93. Qué cara la jodita

17 de marzo de 2024 | Marzo 2024

La compañía de seguros pasaba por un mal momento. Algunas malas decisiones entre variables económicas, que se alteraban en sentidos contrarios entre una semana y la siguiente, hacían que llevar el mando de la empresa se complicara bastante más que lo esperado por los accionistas y el grupo inversor más relevante.

El director, Alfonso Pardo, no dormía hacía días. Le había agarrado el gusto a la merca de grande. De tanto sentirse viejo, encontró algo parecido a la juventud en pasar tiempo con pendejos a los que les bancaba la joda. Se divorció de la esposa y empezó a salir con mujeres que podían haber sido sus hijas. Y, cuando una noche se estaba quedando dormido en el boliche, escuchó que una chica que había intentado cortejar horas antes se refirió a él con el término “abuelo”. Se enojó. Tanto que al fin de semana siguiente ya estaba cargado con una bolsita, “como para no hacer papelones”, se convenció.
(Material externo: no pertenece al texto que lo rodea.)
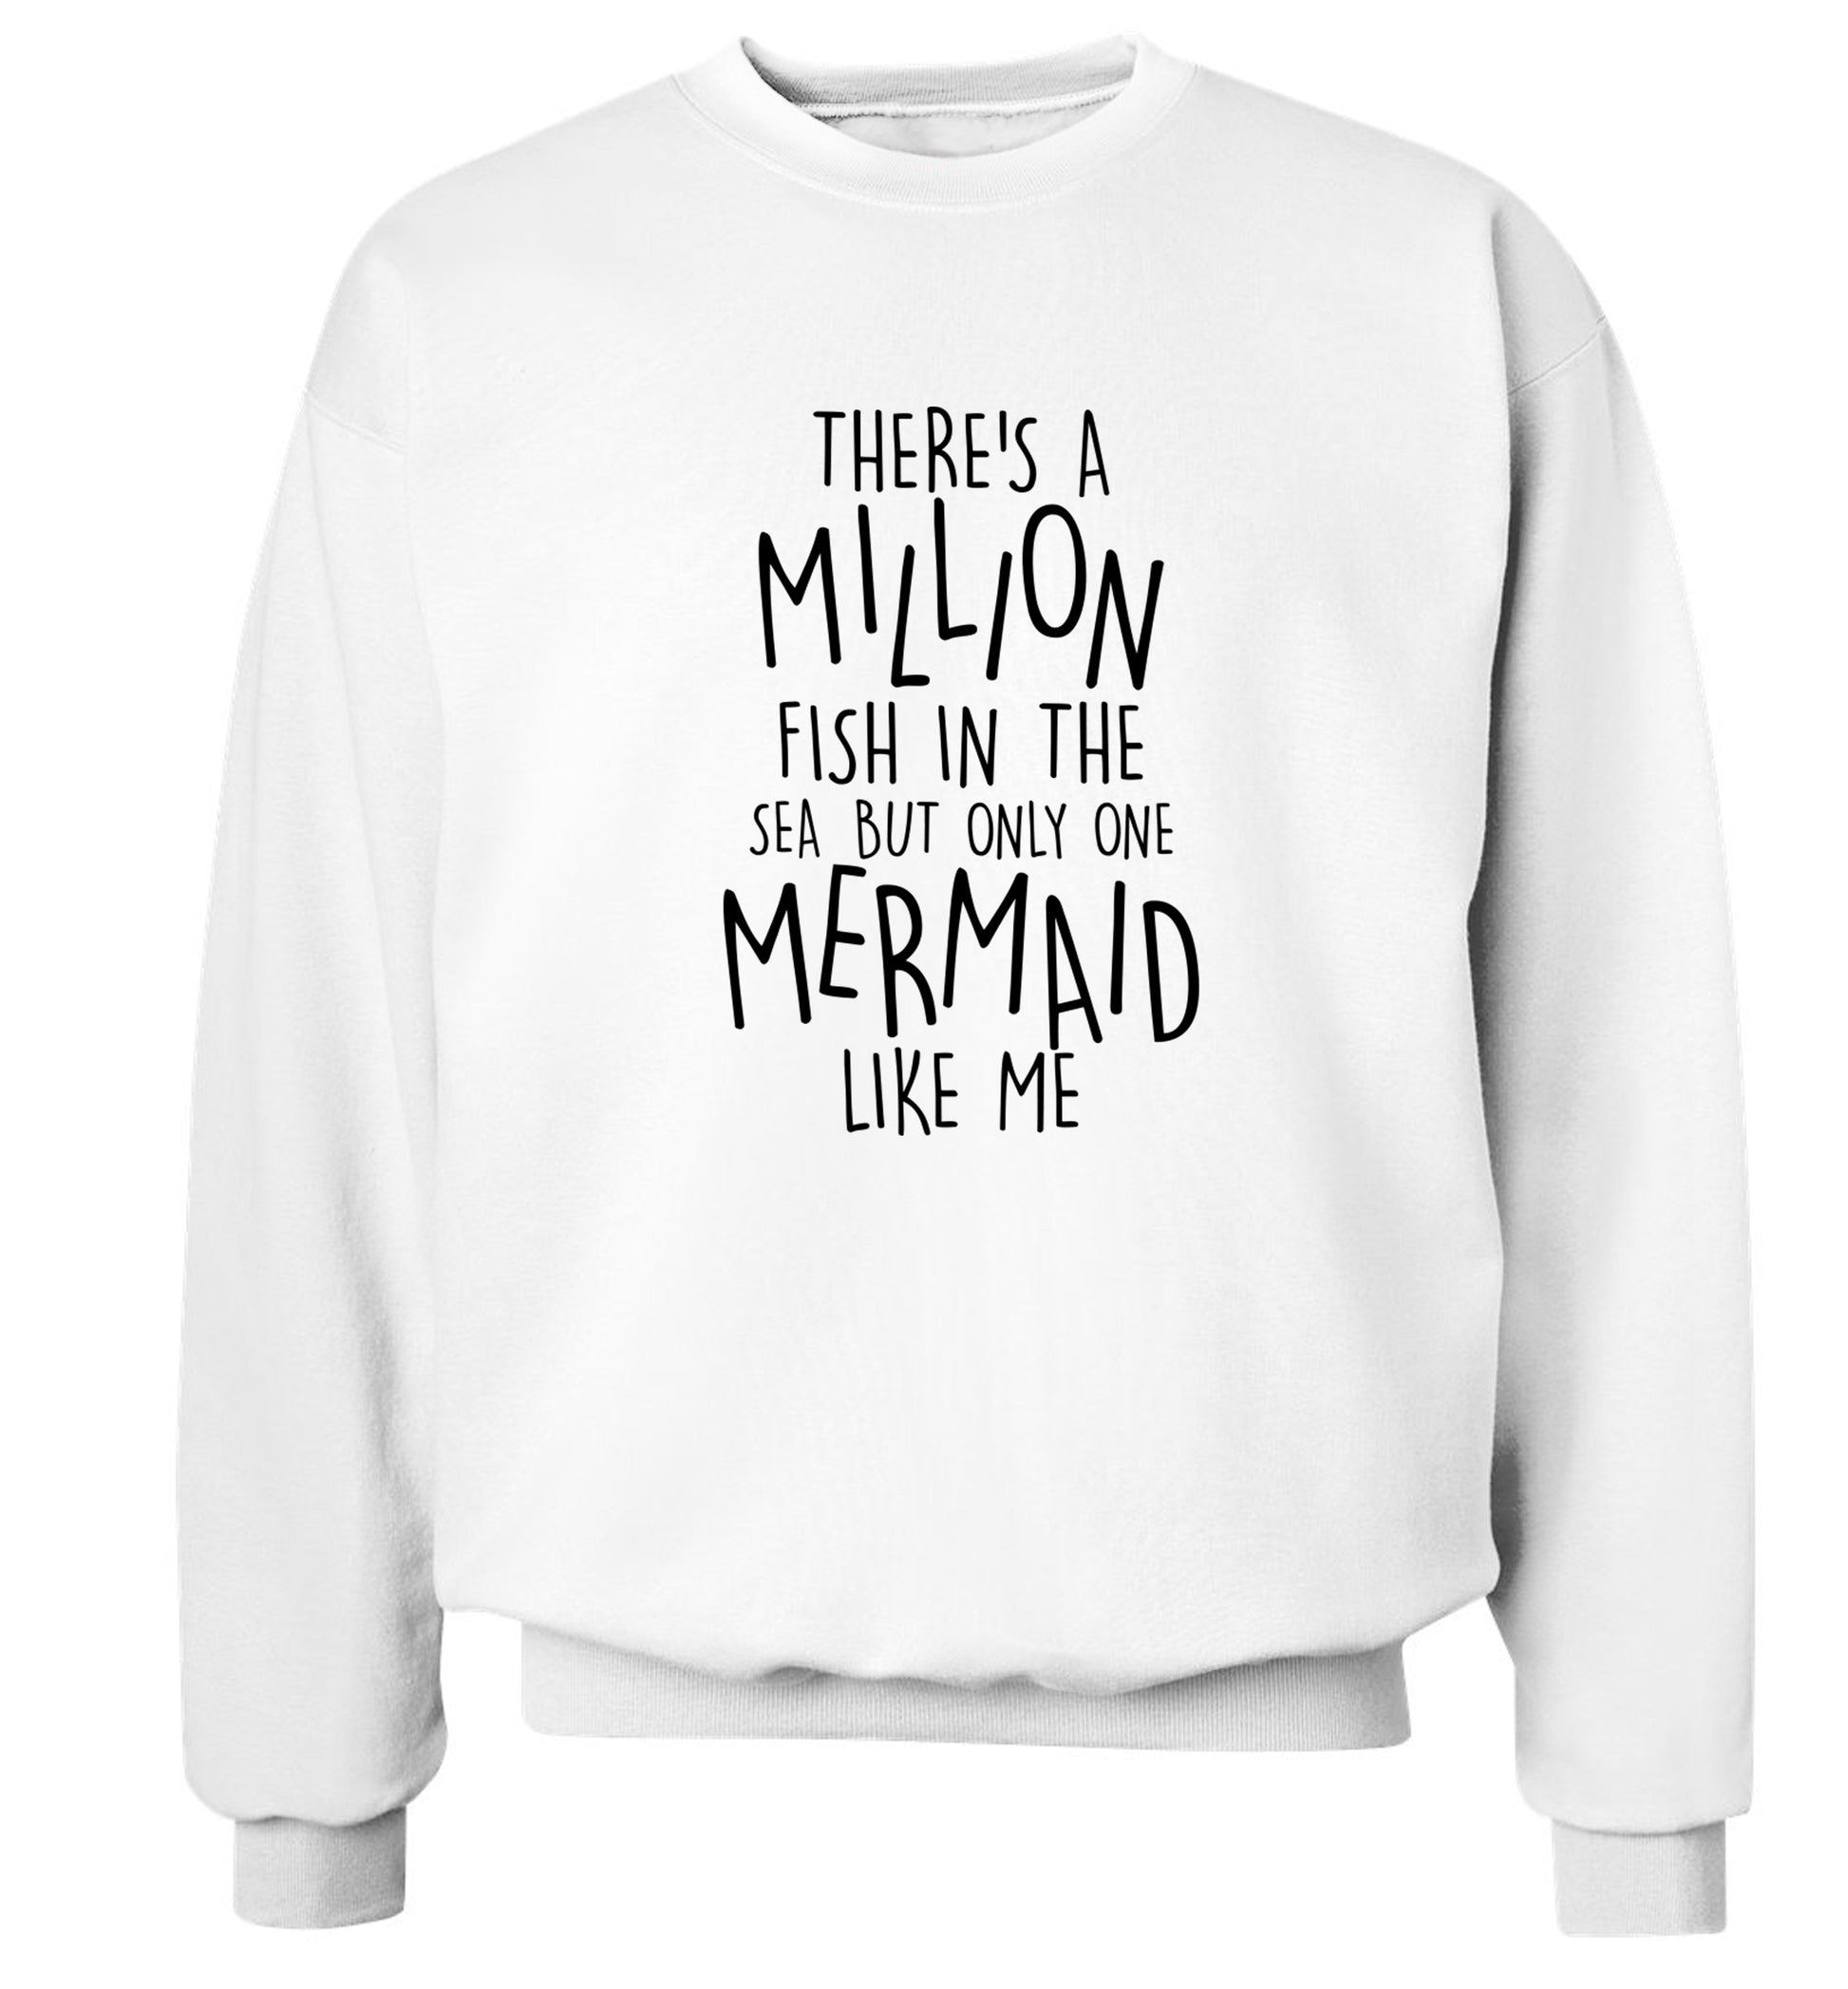 There's a million fish in the sea but only one mermaid like me Adult's unisex white Sweater 2XL

Empezó a ser el abuelo fiestero al mismo tiempo que dirigía una empresa de millones de dólares y responsabilidades muy relevantes a nivel social. En medio ese cóctel, la cocaína hacía más difícil su tarea. Los accionistas ejercían más presión sobre él debido a los vaivenes y reacomodamientos económicos. Trabajaba mucho, y lo que no trabajaba, salía de joda. Y el consumo aumentó.

Empezó a tomar decisiones, en general las relacionadas a los activos financieros de la empresa, que salieron mal. Justo él, que no tenía la capacidad de verse responsable de los errores y los cargaba sobre sus empleados.

Ese miércoles Alfonso Pardo mantuvo una larga comunicación telefónica con uno de los inversores más importantes de la empresa. Escuchó cómo se lo amenazaba con dejarlo en la calle por haber duplicado su salario y el de una chica que, se rumoreaba, era su novia de oficina. Condescendiente, y la boca un tanto rígida, avisó que se iba a encargar de remediar la situación al instante, que ya sabía por qué había sucedido. Convocó a Gloria Zabala a su despacho.

—Cerrá, cerrá. Dale, cerrá la puerta —usó un tono imperativo mientras agitaba las cejas arriba y abajo mirando la puerta.

—Sí, ya… ya va —contestó Gloria, encargada del área de recursos humanos—. ¿Qué necesitás, Alfonso?

Él la miró, desafiante, y dejó escapar una risa enojada en una exhalación nasal.

—No te hagas la viva. Estás despedida, Gloria. Lo lamento.

—¿Qué? ¿Me estás cargando? —preguntó ella con los ojos bien abiertos y una mano en el pecho.

—Te la mandaste, Gloria. No tengo otra opción. No podés subir los salarios que tenés ganas, porque las cuentas no nos cierran así y hace meses de todo esto —fue elevando el tono de su voz al tiempo que adoptaba una actitud más violenta—. Encima me comprometés a mí y a la pobre Juli que no tenemos nada que ver.

—Pero si yo no le subí el sueldo a nadie, Alfonso, ¿qué tengo que ver? Eso es tema de contabilidad, no sé.

—¿Quién hizo el recibo de sueldo, a ver?

—Sí, mi oficina, no sé quién; pero igual, si se pasó algo así es un tema de contabilidad, no mío. Nosotros no podemos hacer una cosa así, y lo sabés porque el que firma resoluciones de esos temas…

—Sí, sí, sí —la interrumpió a los gritos y se levantó de la silla—. Nunca te hacés cargo de nada. Andá, haceme el favor —señaló la puerta con el brazo—. Y agradecé que te vas con un currículum que dice el nombre de nuestra empresa.

Gloria estaba ya con la mano en la manija, lista para irse cuando se paralizó y, como esta vez no le pasó lo mismo de siempre, de pensar la respuesta correcta horas después, cuando ya es inútil ese rejunte de palabras que hubiera sido mágico en el momento indicado, se dio vuelta y lanzó:

—¿Sabés qué? —empezó con voz decidida y pausada como para que no se escapara una letra de los oídos de Pardo—. Tenés razón. Mejor poner el nombre de este lugar ahora, cuando todavía está de pie, antes de que la fundas, viejo falopero. Y si tu duda es cómo se enteraron los inversores, es por una resolución que firmaste vos hace unos meses. Imbécil —y de un portazo se retiró.